Non capita spesso di trovarsi davanti a un vino che obbliga a rivedere i propri riferimenti già dal primo sorso. “Scommessa” di Santa Barbara è uno di questi. È un Verdicchio (questo il disciplinare), ma solo fino a un certo punto. Poi prende una direzione tutta sua.
Al naso è preciso e pulito, senza alcuna concessione all’esuberanza. Gli agrumi sono i protagonisti, soprattutto cedro e scorza d’arancia, accompagnati da fiori bianchi, erbe aromatiche e una leggera sfumatura tropicale. Con l’ossigenazione emergono note più profonde di pietra bagnata, mandorla fresca e una speziatura delicata, perfettamente integrata. Il legno si avverte più nella tessitura che nell’aroma e contribuisce ad ampliare il quadro senza alterare l’identità del vino.
Ma all’assaggio capisco subito che questo è un vino che dividerà l’opinione sia degli esperti, sia dei consumatori. L’ingresso è quasi tagliente. L’acidità arriva immediatamente, netta, verticale, e imprime al sorso una spinta fuori dal comune. È una scelta stilistica precisa, coraggiosa, che rende il vino vivo, dinamico e certamente mai banale. La componente salina accompagna tutta la progressione e dona profondità, mentre la struttura, importante, riempie il palato.
Tecnicismi a parte, ecco cosa ne penso del Verdicchio “Scommessa” di Stefano Antonucci
I quattordici gradi alcolici cercano chiaramente di arrotondare una freschezza fuori scala, ma l’impressione è che non riescano sempre a contenerla del tutto. È proprio qui, però, che nasce anche la riflessione più interessante. Nei primi istanti il vino appare quasi diviso tra due anime. Da una parte una tensione acida di rara intensità, dall’altra una materia ricca e matura che prova a riportare equilibrio. Alla fine il sorso non trova un assetto comodo: quel contrasto iniziale rimane percepibile e probabilmente rappresenterà l’aspetto più discusso di questo vino. C’è chi lo interpreterà come energia e personalità. Altri potrebbero leggerlo come un equilibrio ancora in evoluzione.
La chiusura è molto lunga. Restano salgemma, agrumi, una sottile vena balsamica e il classico ricordo di mandorla del Verdicchio, ma reinterpretato in una chiave decisamente contemporanea. Il bicchiere non si svuota con facilità, ma forse perché ti viene da studiarlo. Insomma, ti invita più alla riflessione che alla semplice e innocente beva.
Resta infine una domanda sulla scelta della chiusura con tappo Stelvin
Hey, fermi tutti! Adoro i vini pensati per essere commercializzati già pronti e quindi approvo l’uso del tappo Stelvin. Nessun pregiudizio, quindi, verso una soluzione che oggi offre indubbi vantaggi in termini di affidabilità e costanza qualitativa. Il dubbio nasce piuttosto dalla natura stessa di questo vino in particolare. Scommessa di Stefano Antonucci possiede struttura, acidità e complessità sufficienti per immaginare un’evoluzione affascinante nel tempo. Sarebbe interessante capire fino a dove potrebbe arrivare lasciandogli qualche libertà in più durante l’affinamento in bottiglia. Lo Stelvin garantirà certamente una conservazione impeccabile, ma potrebbe anche accompagnare il vino verso un’evoluzione più lenta e meno sfaccettata rispetto a quella che, per caratteristiche, sembrerebbe promettere.

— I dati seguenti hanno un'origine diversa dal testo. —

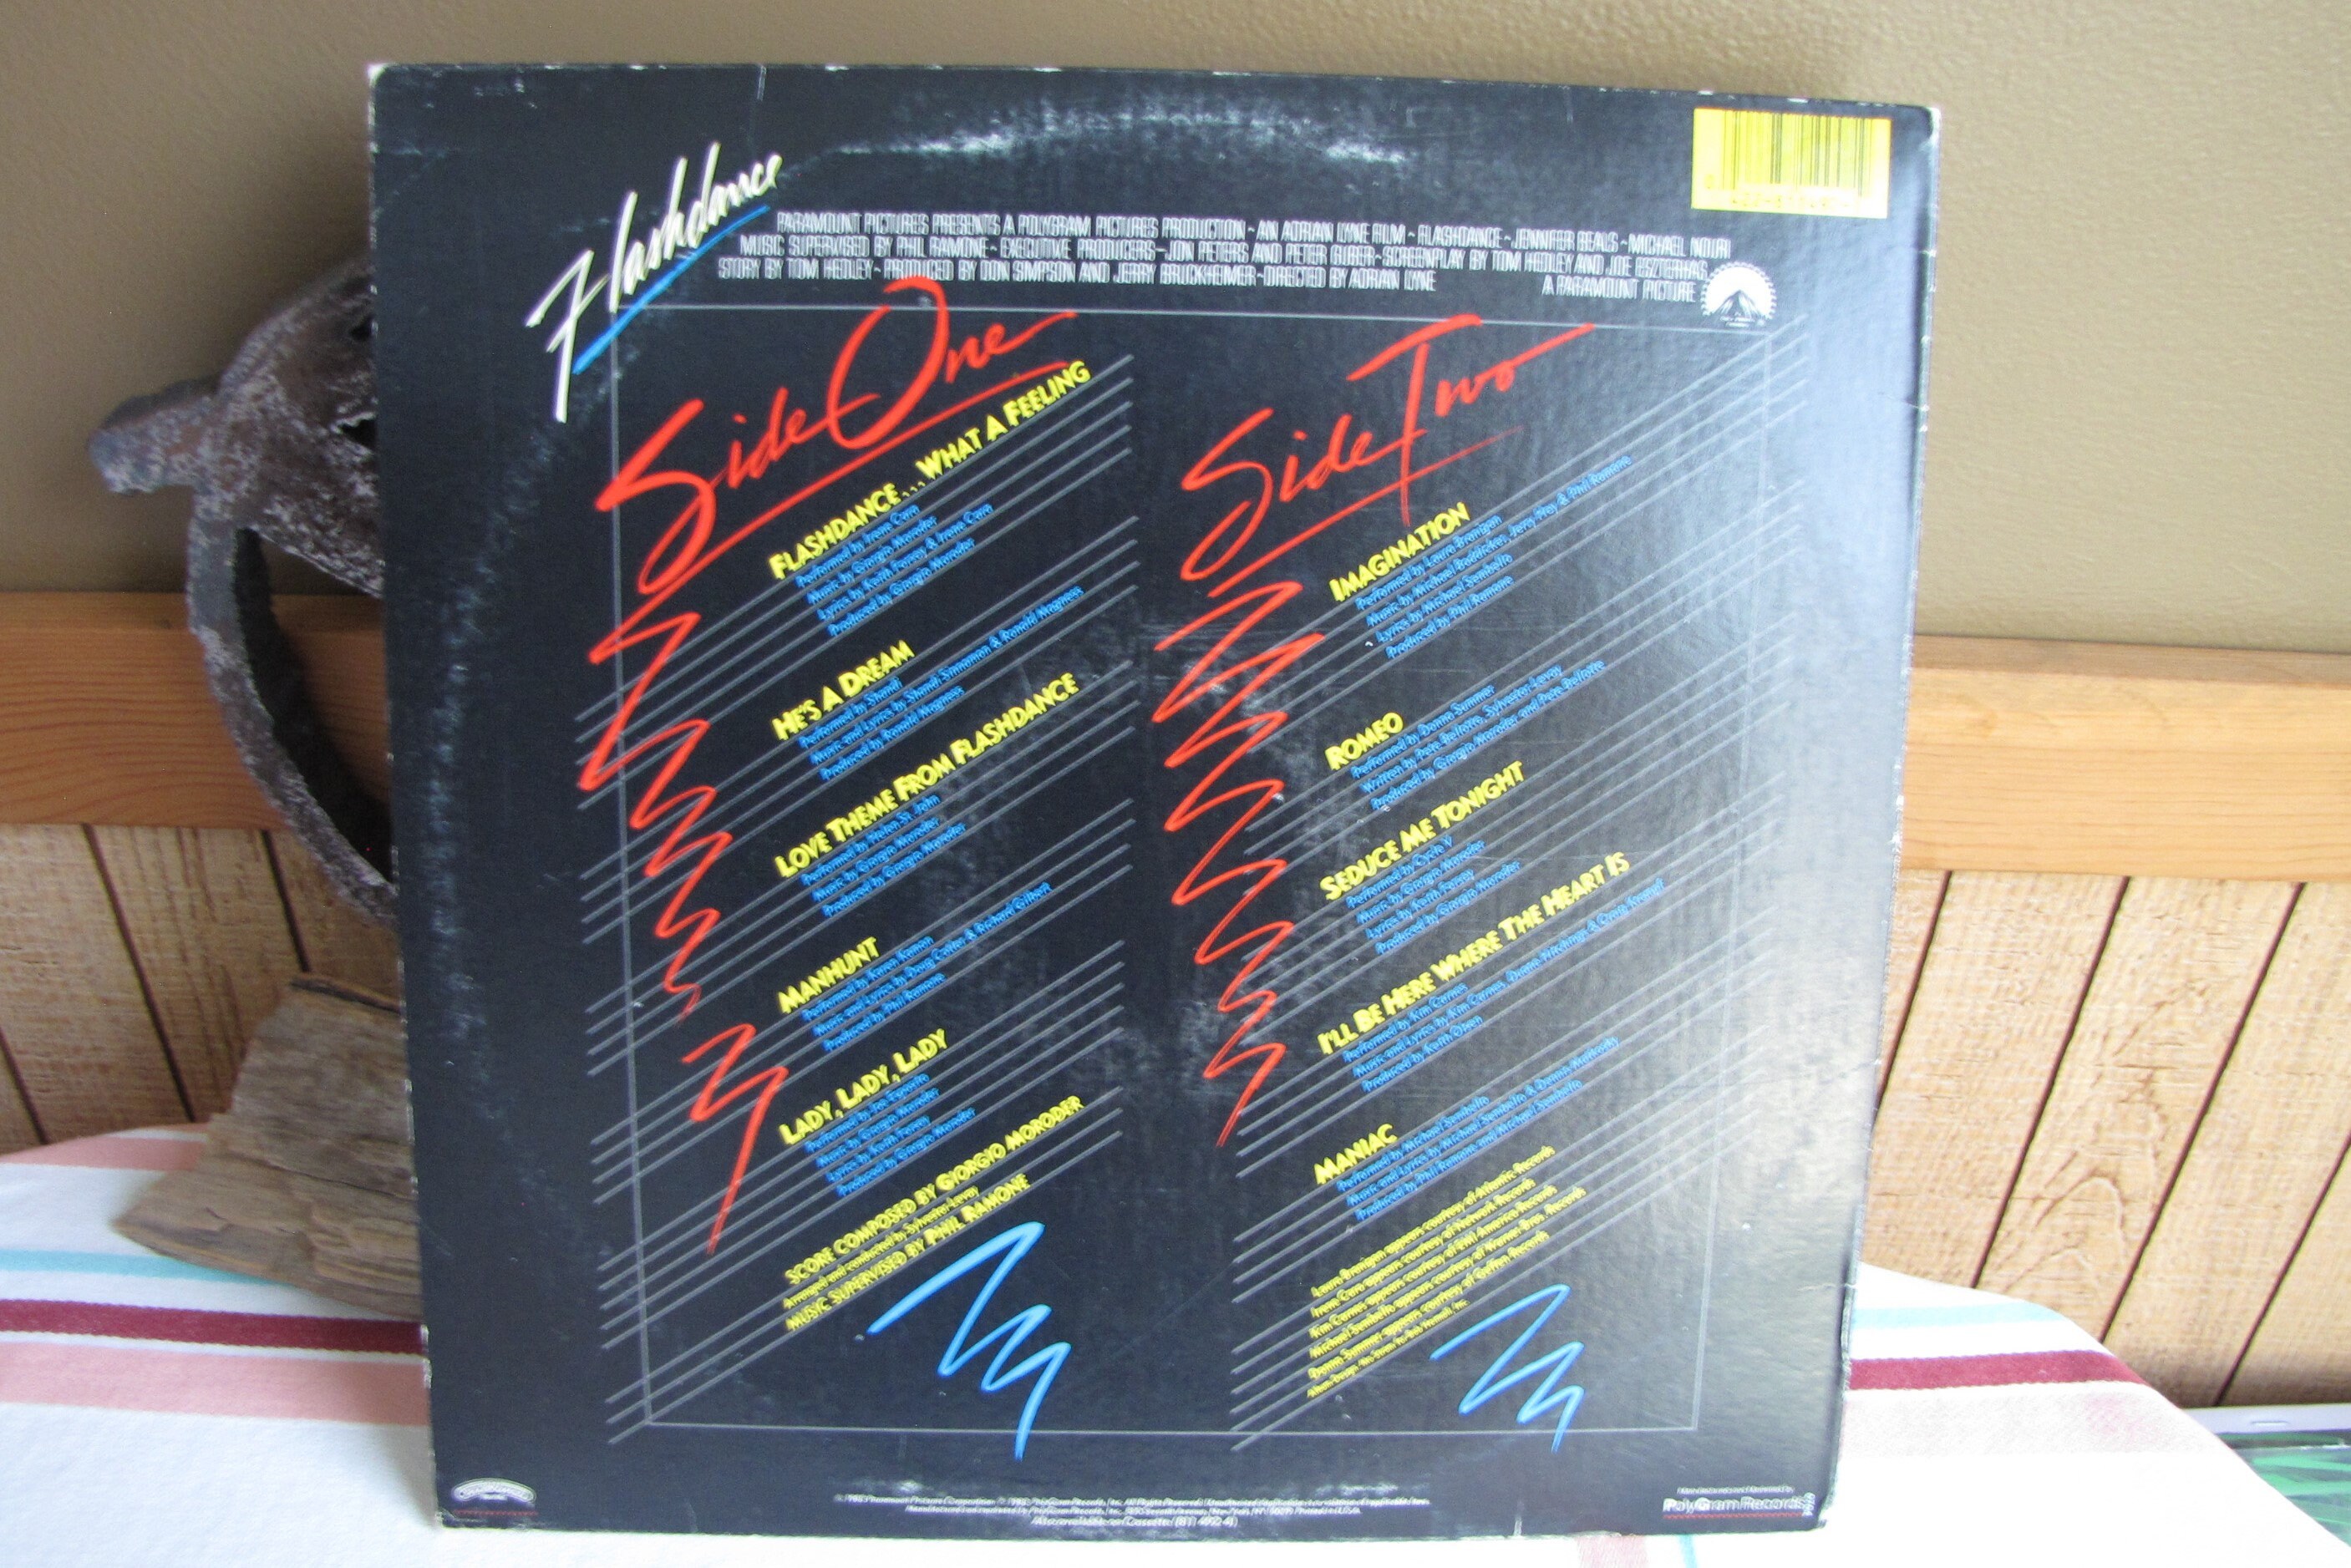 flashdance soundtrack review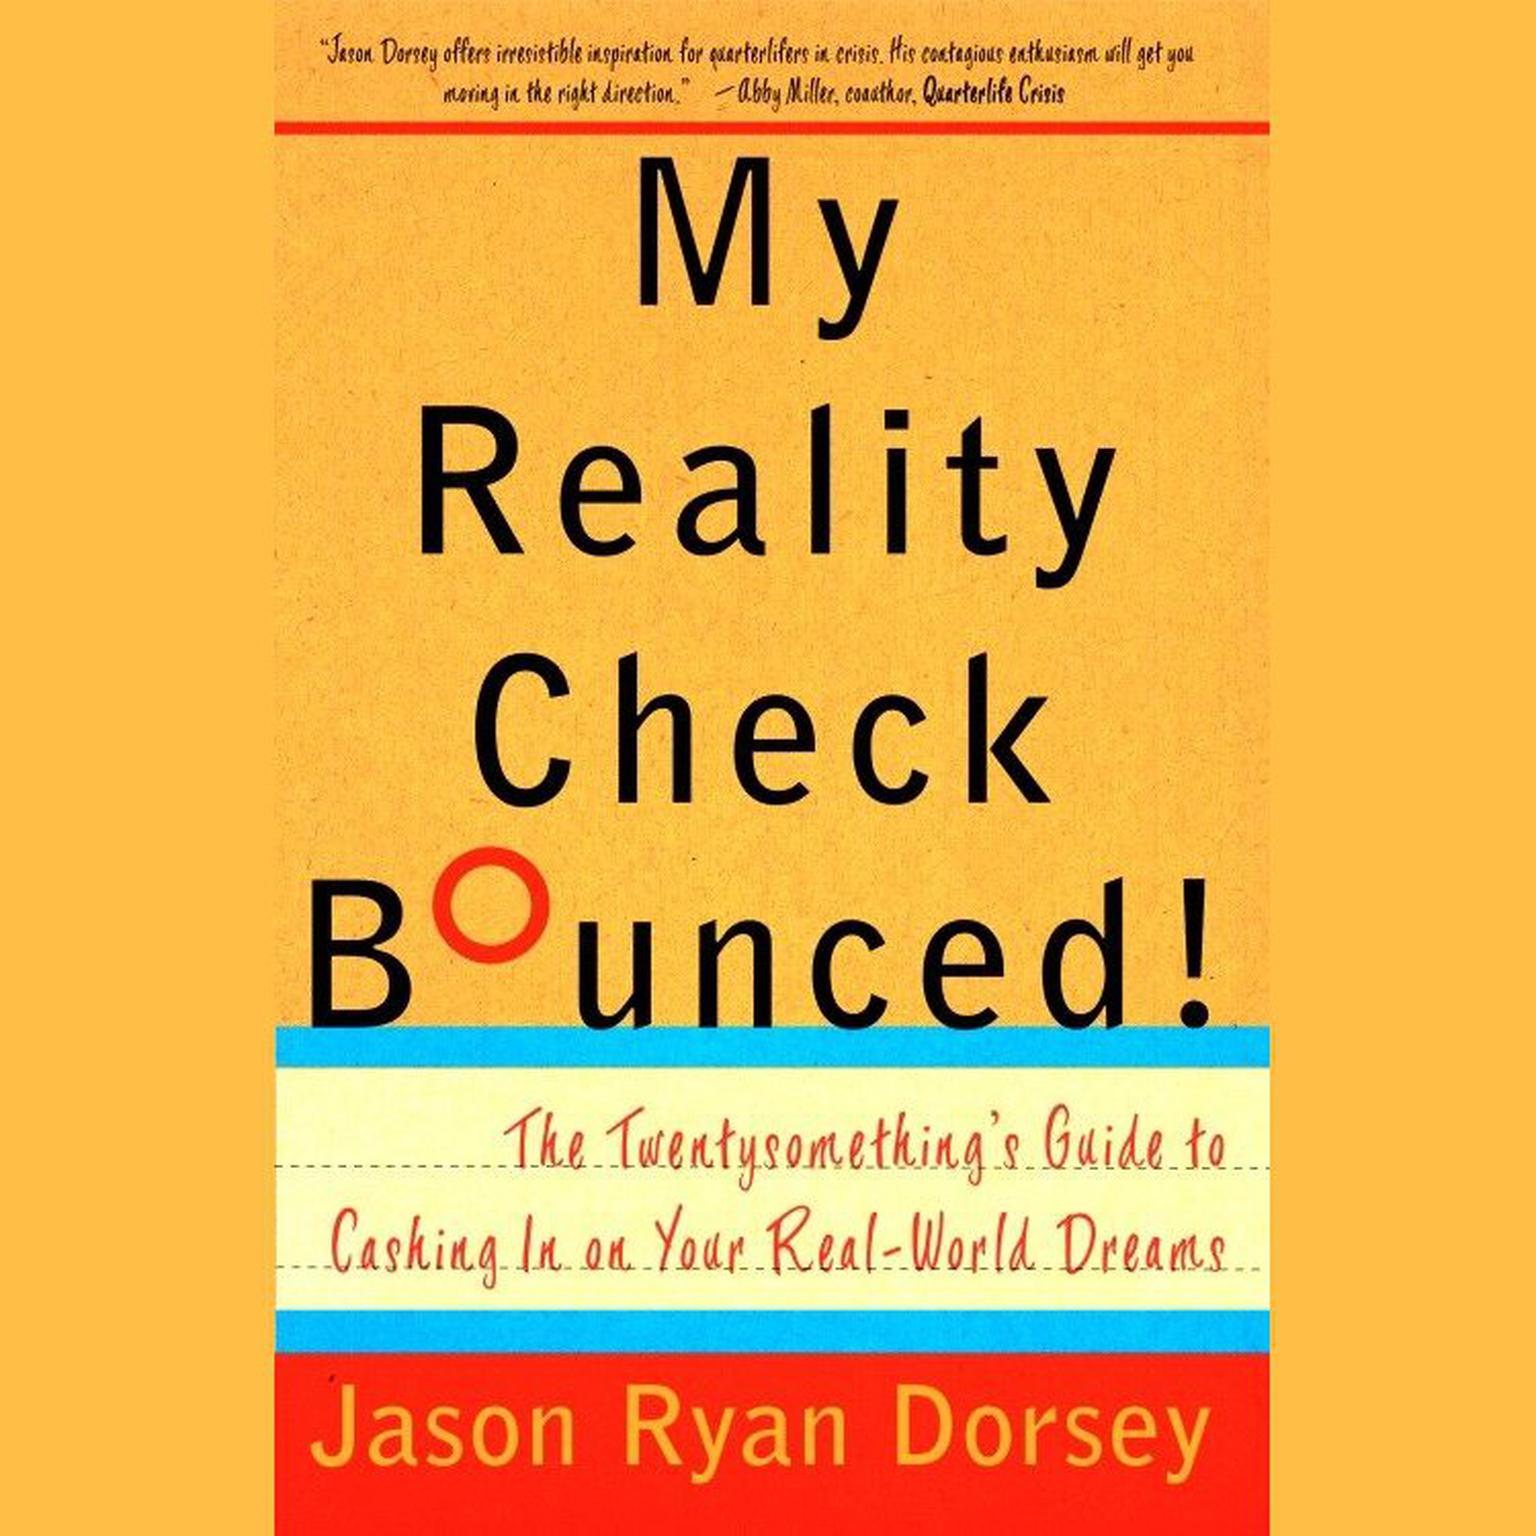 My Reality Check Bounced!: The Gen-Y Guide to Cashing In On Your Real-World Dreams Audiobook, by Jason R. Dorsey

La mia recensione in sintesi
Scommessa non cerca il consenso unanime e probabilmente non lo otterrà. È un vino che mette in discussione alcune convinzioni sul Verdicchio e lo fa senza scorciatoie. Non tutto convince allo stesso modo, soprattutto nella gestione della poderosa acidità iniziale che per mio gusto personale la trovo troppo invadente; ma è difficile non riconoscergli una qualità oggi sempre più rara: avere una personalità precisa, riconoscibile e capace di far discutere.
In un panorama dove molti vini cercano di piacere a tutti, Scommessa sceglie la strada più difficile. E forse è proprio questa la sua qualità migliore.